2.This quote proves that the priest has gone through his own journey and has managed to find his place in the run down cathedral.
3. This quote is one that backs up the idea that all men have the same stories because all men are the same. All heretics in God’s eyes.
4. The priest is saying that all things lose their significance if nothing can be gained from them. If they don't have a story, they don't have purpose.
5. The priest goes on to say that stories are significant because others hear and learn from them. They live on as they are witnessed and retold. They make their own place in the world. And because these stories or corridos are told and told again to others, they ultimately become everyone's story and thus unify. This also links to Boyd who becomes a folk hero because of a corrido. His story will live on forever and becomes everyone’s story to gain.
6. This is a quote describing the old man, or someone who has no place in the world. It goes to say that someone who has no place (literally has no image or message) is less than an ink spot on a piece of paper. It's a description of what Billy could potentially become.
7. This quote is the old man's dream. (significant becuase of the dream motif). The image of god almost mirrors the image of a man with no place. He cannot hear and will not answer.
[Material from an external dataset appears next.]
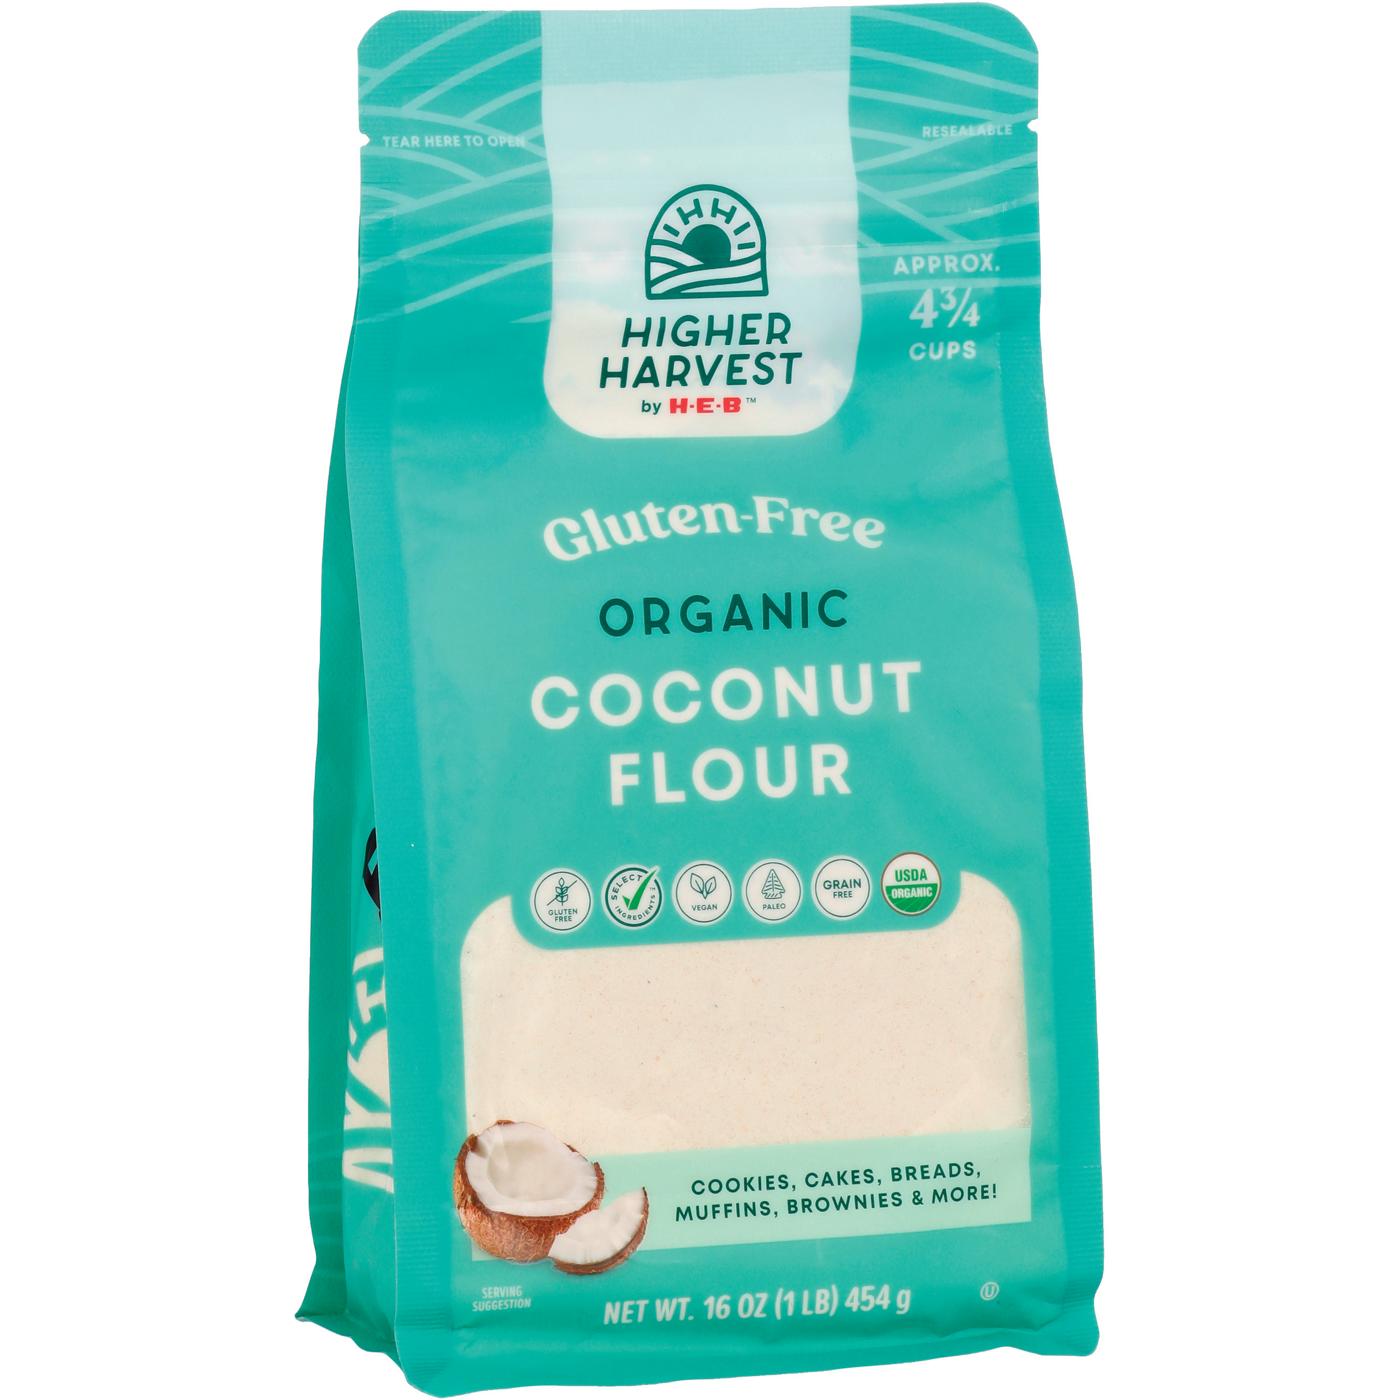 Higher Harvest by H-E-B Gluten-Free Organic Coconut Flour; image 2 of 3

He only slaves away making the world. Completely alone. It is also significant that the old man wakes in tears because of this dream, because he knows somewhere in the world got weaves there is a measly thread for him.
8. This is another quote that reveals the insignificance of man. God is a perfect being that needs nothing. Man, however, is only important in stories or as witnesses.
9.A quote that hints at the naïveté of man and their unwillingness to accept, see, or know truth. The old man seems to know something that the priest cannot compute. This is mirroring Billy's inability to learn from the stories of the people he meets.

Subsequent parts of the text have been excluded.